Lovato, “perchè non ho chiamato l’ambulanza”
“Non ho chiamato l’ambulanza perchè la moglie diceva di portarlo a casa e per questo l’ho caricato sul furgone di famiglia e con la moglie, preso dal panico, l’ho portato a casa, dove sapevo che avevano già chiamato l’ambulanza.

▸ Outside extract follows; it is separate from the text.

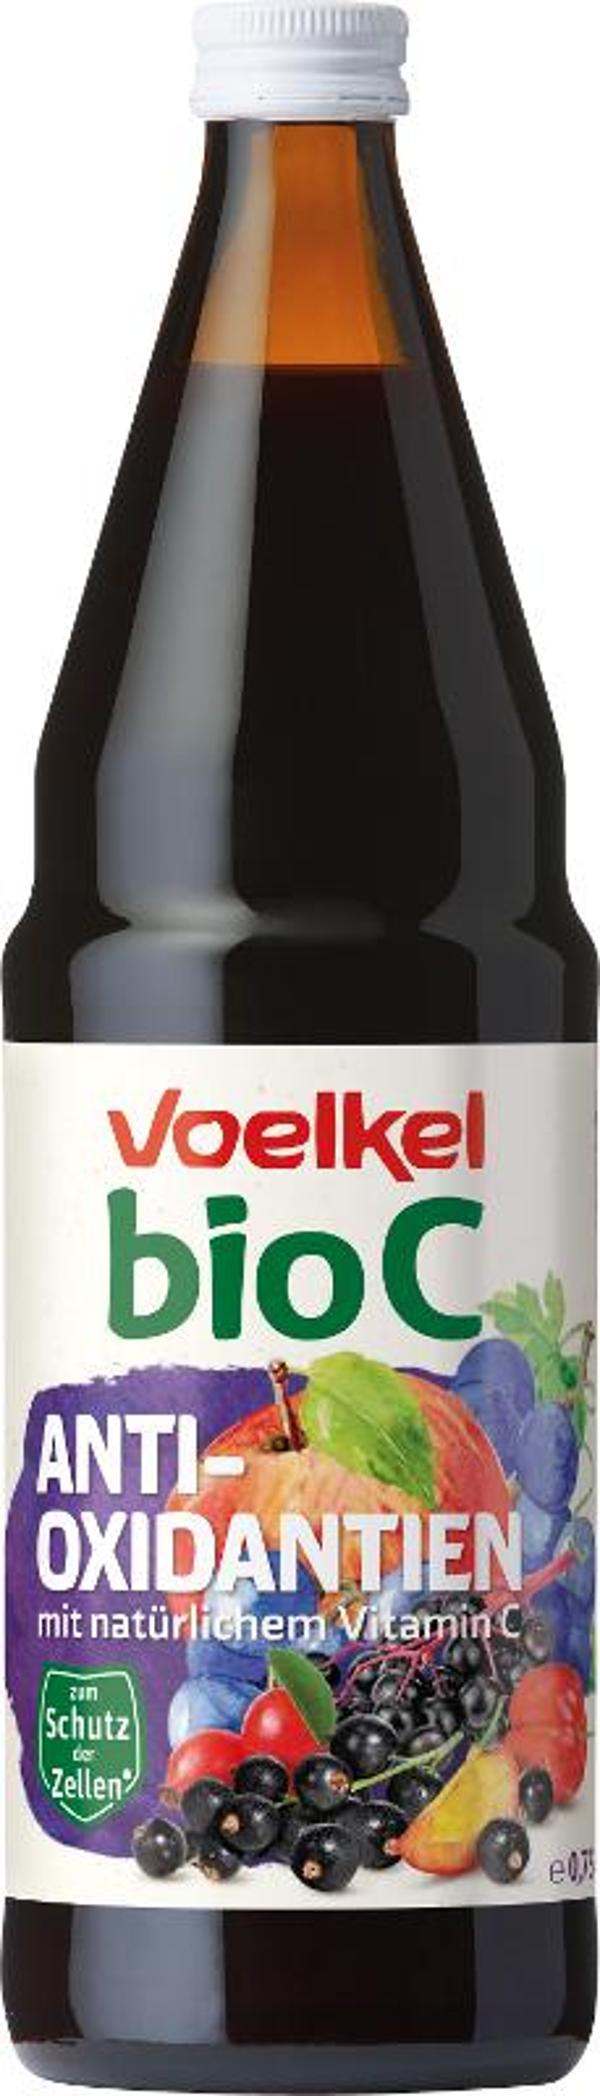 Produktfoto zu bioC Antioxidantien

Dopo essere arrivati a casa assicuratomi che avevano chiamato l’ambulanza, preso dal panico sono andato via“. Lo ha detto agli inquirenti Antonello Lovato, quando è stato sentito a sommarie informazioni e quindi prima di essere iscritto nel registro degli indagati. Chi indaga ha chiesto a Lovato perchè ha deciso di lavare il furgone dopo il drammatico trasporto. “L’ho lavato io – ha ammesso -, non è intervenuto nessuno, ho fatto tutto da solo. L’ho lavato perchè c’era del sangue ed ero e sono tutt’ora sotto choc. Lui non era regolarmente assunto, lo chiamavo al bisogno”, ha aggiunto Lovato.